Осеннее солнце юга уже согревало безветренный воздух, когда Лермонтов вышел из дома, где остановился, и, захваченный очарованием города, отправился побродить по горбатым улочкам, которые круто карабкались куда-то в вышину и уже кипели жизнью. То тут, то там слышались гортанный говор прохожих и протяжные голоса уличных продавцов, однообразно выкрикивавших:
— Мацони! Мацо-они! [44]
Ревел где-то застоявшийся ослик, и издали слышны были громкие приветствия, которыми обменивались обитатели узеньких улиц. Видневшиеся повсюду балкончики с тонким узором металлических решеток, с изящной резьбой деревянных перил и столбиков, низко нависавшие над улицами, были так сближены, что через улицу переговаривались, как сидя в одной комнате. Но это не мешало жителям, беседуя между собой, кричать во всю силу своих легких и жестикулировать с таким воодушевлением, точно они предупреждали друг друга о страшной опасности.
44
Мацони — кислое молоко.
Нельзя было не заблудиться в этом нагромождении тесных домиков и двориков, каменных ступенек, крылечек и балконов, увитых виноградом. Лермонтов дважды возвращался на одно и то же место, пока, наконец, перешагнув через ограду, не вышел на узкую дорогу, круто идущую в гору. Дома и домишки остались позади.

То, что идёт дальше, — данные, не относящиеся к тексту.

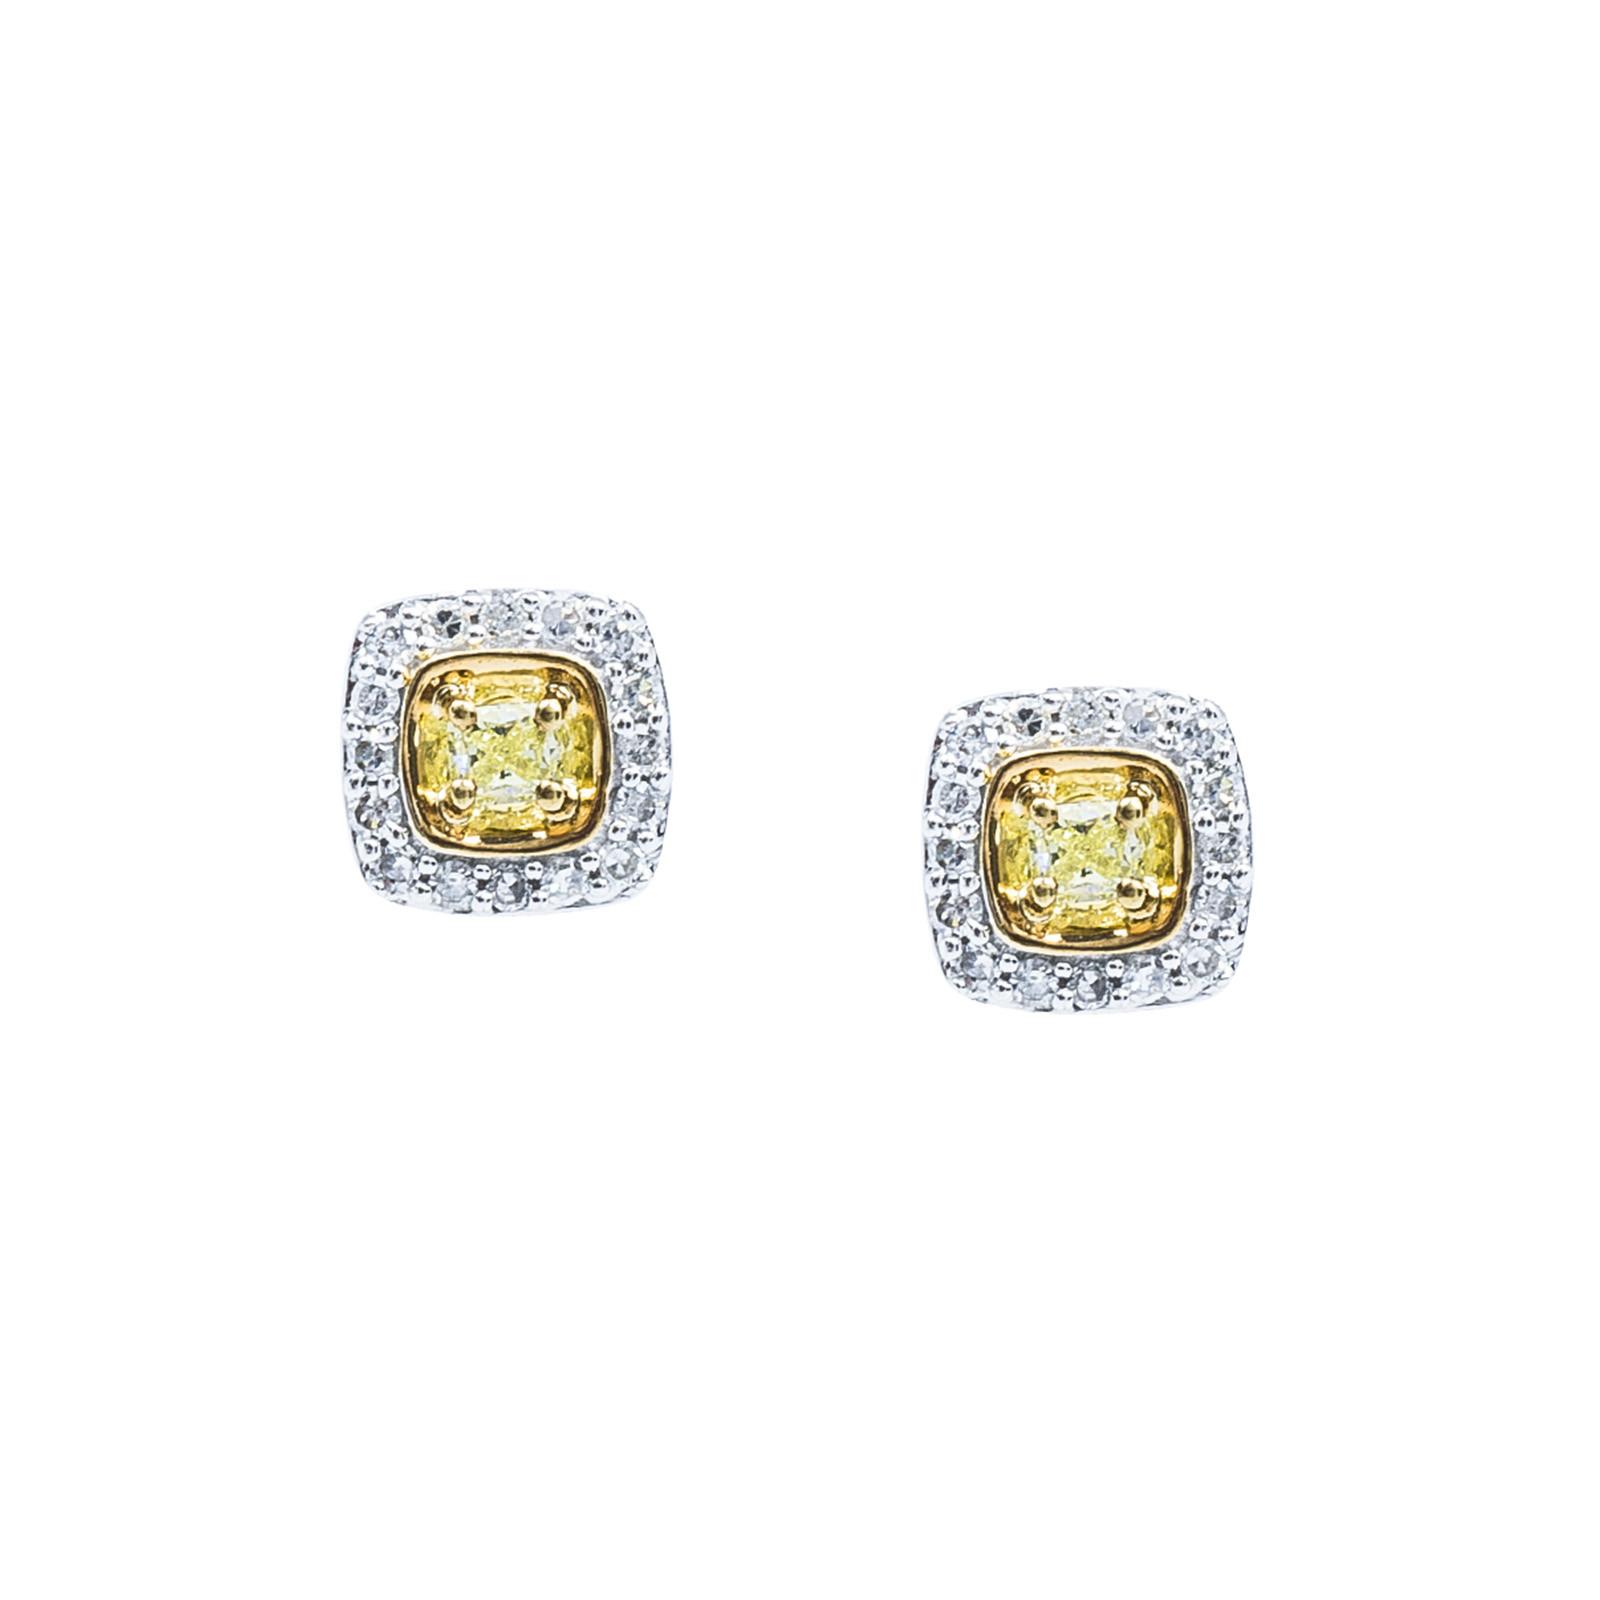 New 0.32 CTW Yellow & White Diamond Stud Earrings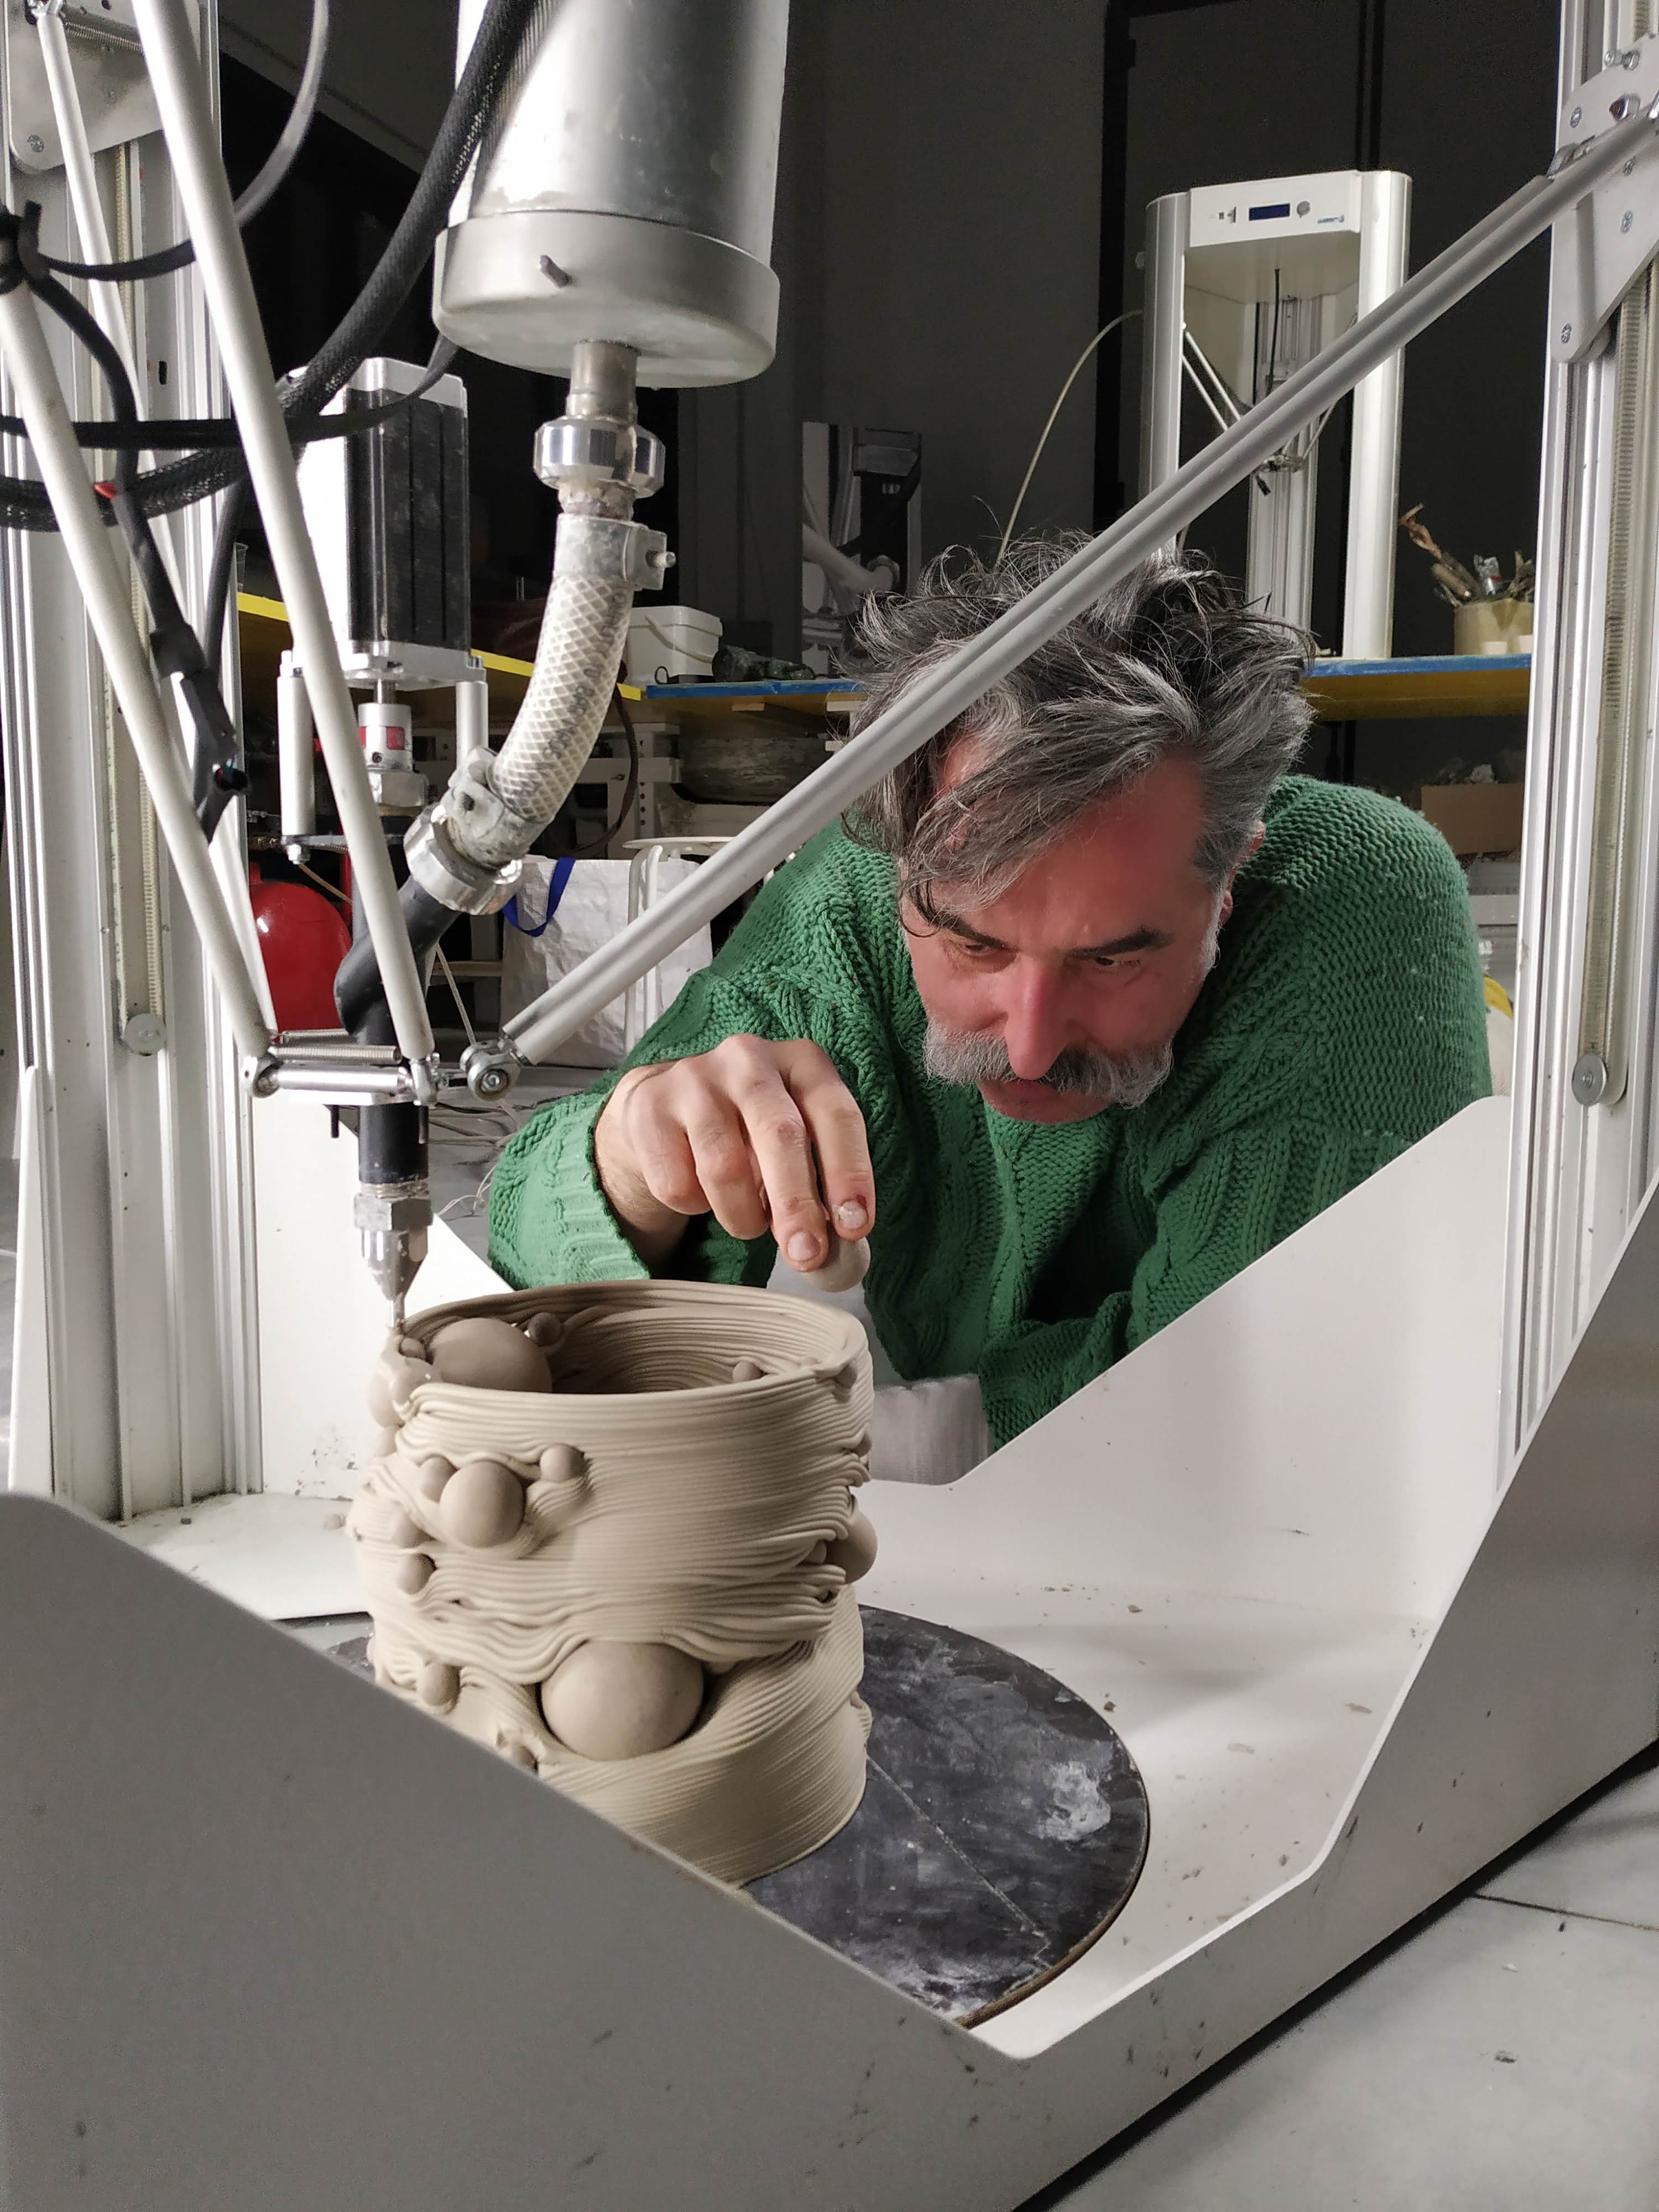 Salvatori inserts ceramic balls into the 3D printed vases. Photo via WASP.

Он поднимался все выше, зная по рассказам, что дорога эта ведет именно туда, куда ему нужно, — к горе Святого Давида, где похоронен Грибоедов.
Лермонтов долго стоял у его могилы, с тоской думая о безвременной и трагической смерти Пушкина, о страшной гибели молодого Грибоедова… о смерти Бестужева… О том, что злой рок преследует лучших людей России…
ГЛАВА 11
На другой день после приезда в Тифлис Лермонтов решил посетить дом князя Чавчавадзе. Старинная дружба, любовь и свойство связывали с домом Чавчавадзе его троюродную тетку Прасковью Николаевну Ахвердову.
У нее в Петербурге он видел и князя Александра Гарсевановича Чавчавадзе, когда тот в 1834–1836 годах жил в северной столице.
Куда же было ему идти прежде всего, как не к Чавчавадзе, чья дочь Нина Александровна была женой Грибоедова?
Дом Чавчавадзе все знали, и до него было близко, но Лермонтову хотелось еще пройти по главной улице города и сойти по какому-нибудь из горбатых переулков, сбегающих по крутым спускам, как ручейки в широкую воду реки. Пройдя несколько домов, он направился через улицу, чтобы рассмотреть поближе тонкую резьбу сложного орнамента деревянной ограды маленького балкончика. Но не успел он подойти к цели, как чуть не был сбит с ног черномазым, черноволосым, кудрявым мальчишкой, летящим стрелой с большим чуреком в руке, от которого он уже откусил порядочный кусок и, несмотря на свой стремительный галоп, все же умудрялся его жевать.